(Information shown)

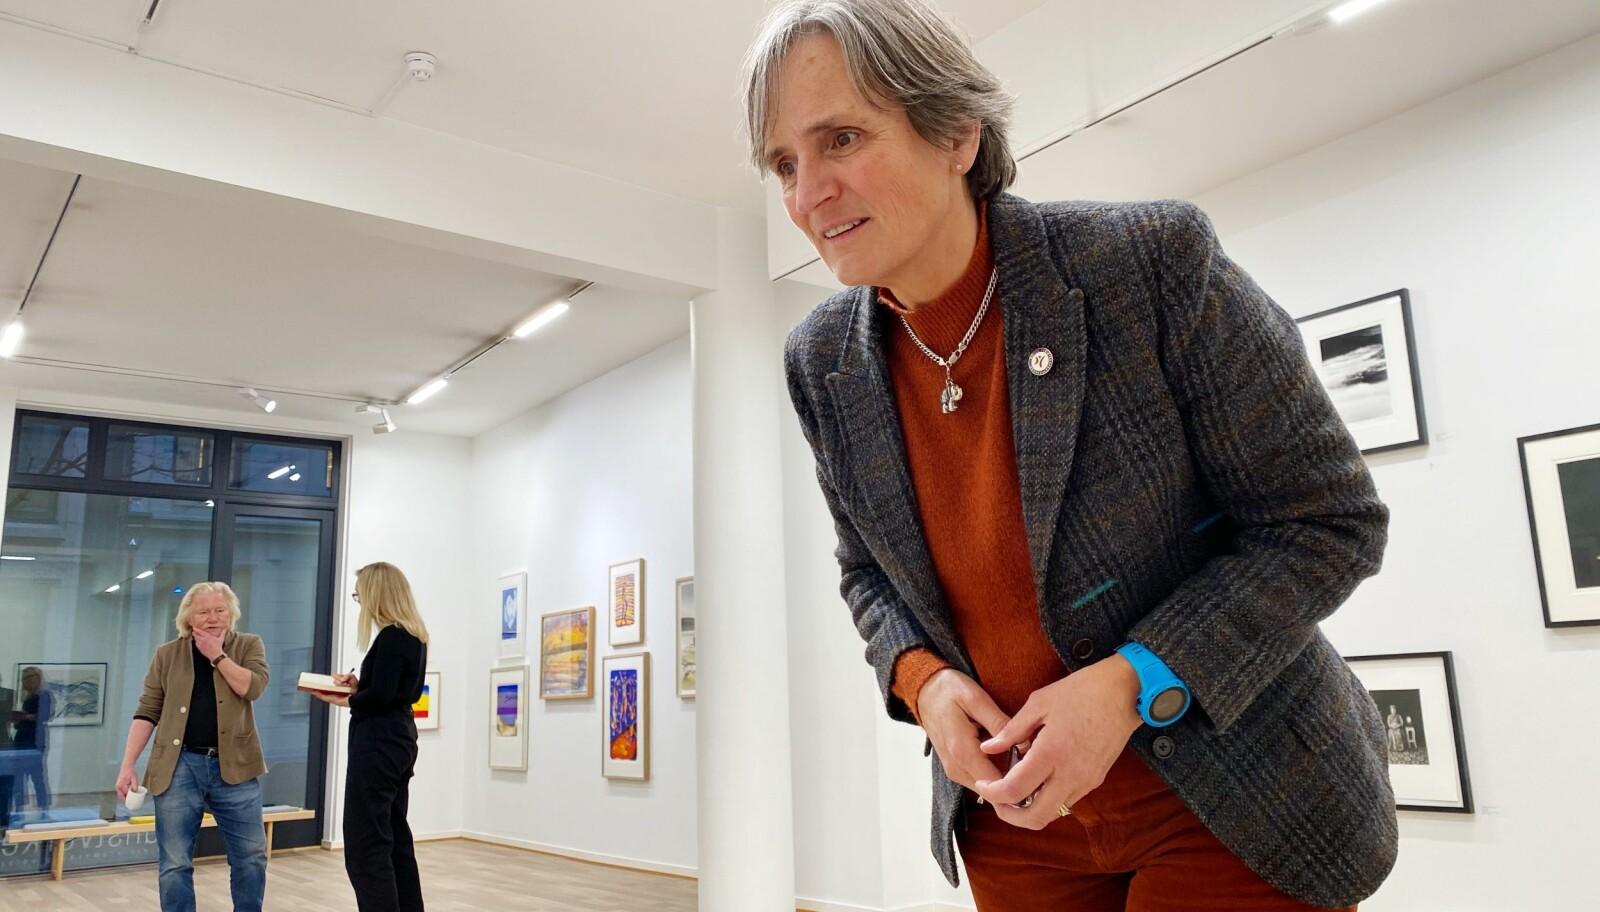 Gerty Lund og NFF har blitt mer synlige i 2020. Og da vi gjestet galleriet nesten vegg i vegg med NFFs kontorer, traff Gerty selveste Morten Krogvold (fotograf i bakgrunn).
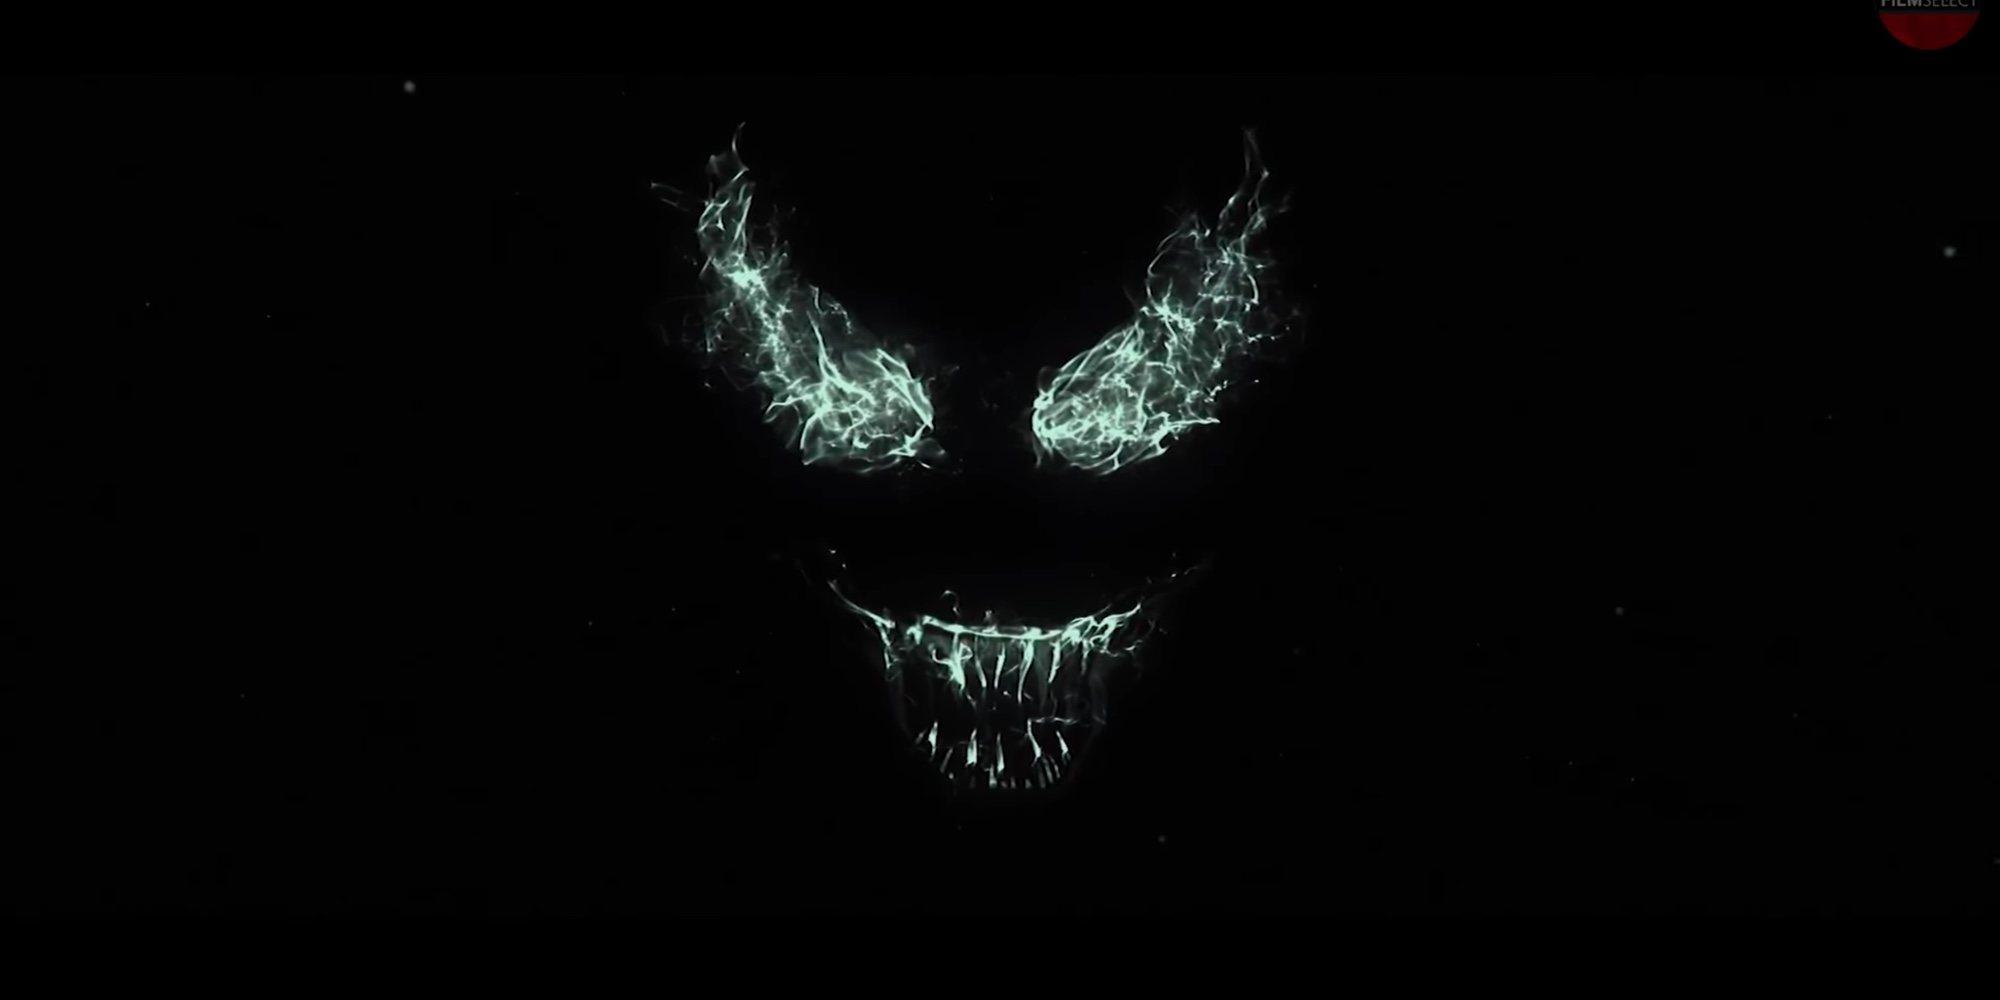 La impresionante transformación de Tom Hardy en Venom, el villano de 'Spiderman'
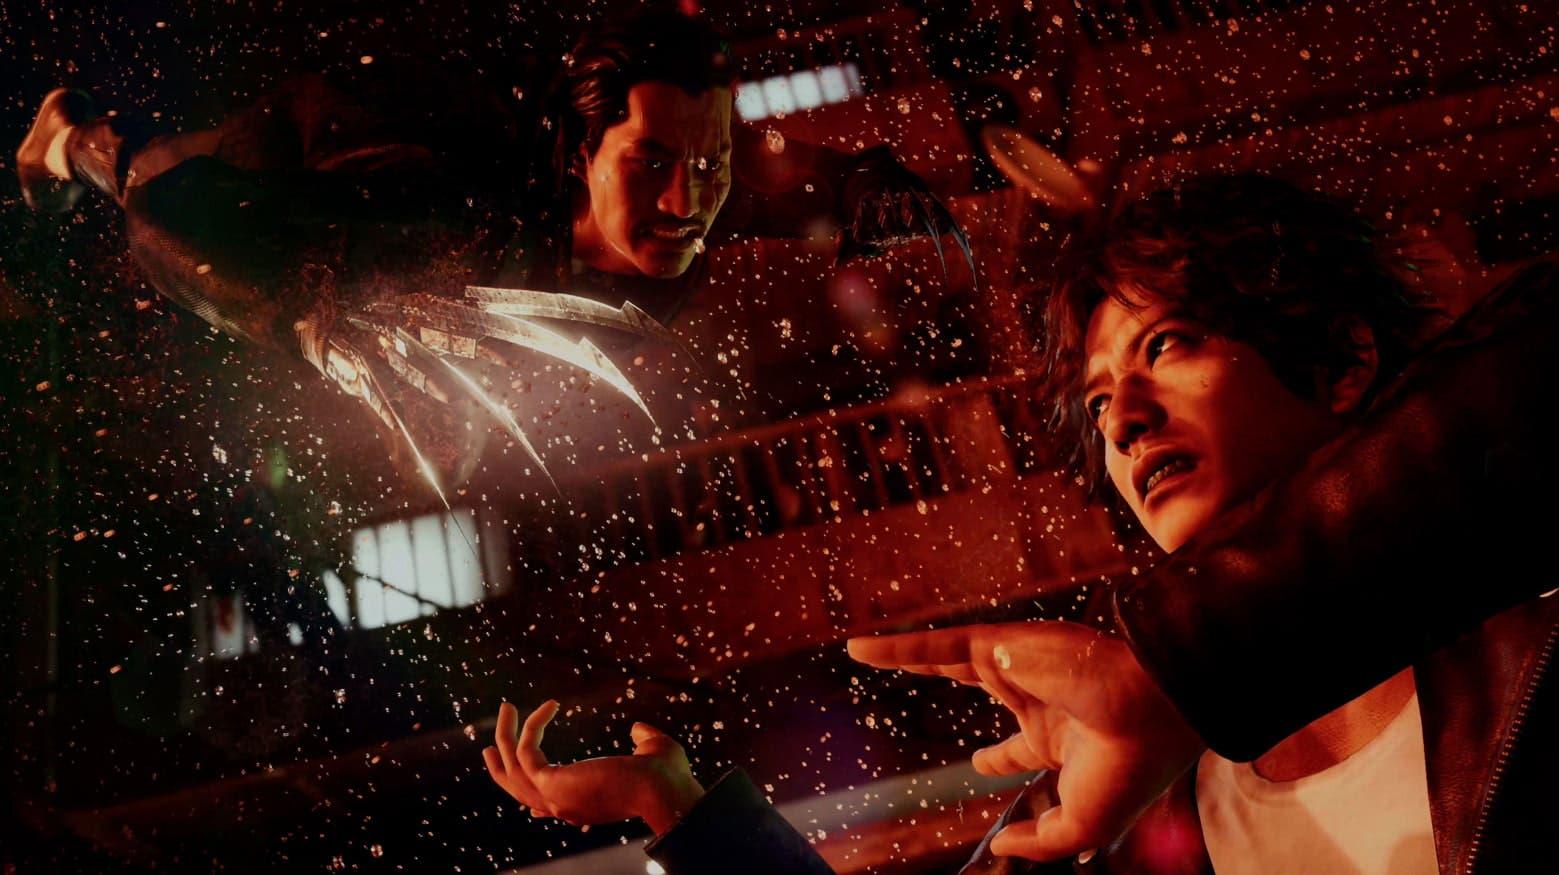 Lost Judgment se lanzará el 24 de septiembre en Xbox One y Xbox Series X|S 5

(End Information shown)

Task objective: The answer must be the full listing, restated word for word, with no pictures in it.

Expected output:
 Gerty Lund og NFF har blitt mer synlige i 2020. Og da vi gjestet galleriet nesten vegg i vegg med NFFs kontorer, traff Gerty selveste Morten Krogvold (fotograf i bakgrunn).
 La impresionante transformación de Tom Hardy en Venom, el villano de 'Spiderman'
 Lost Judgment se lanzará el 24 de septiembre en Xbox One y Xbox Series X|S 5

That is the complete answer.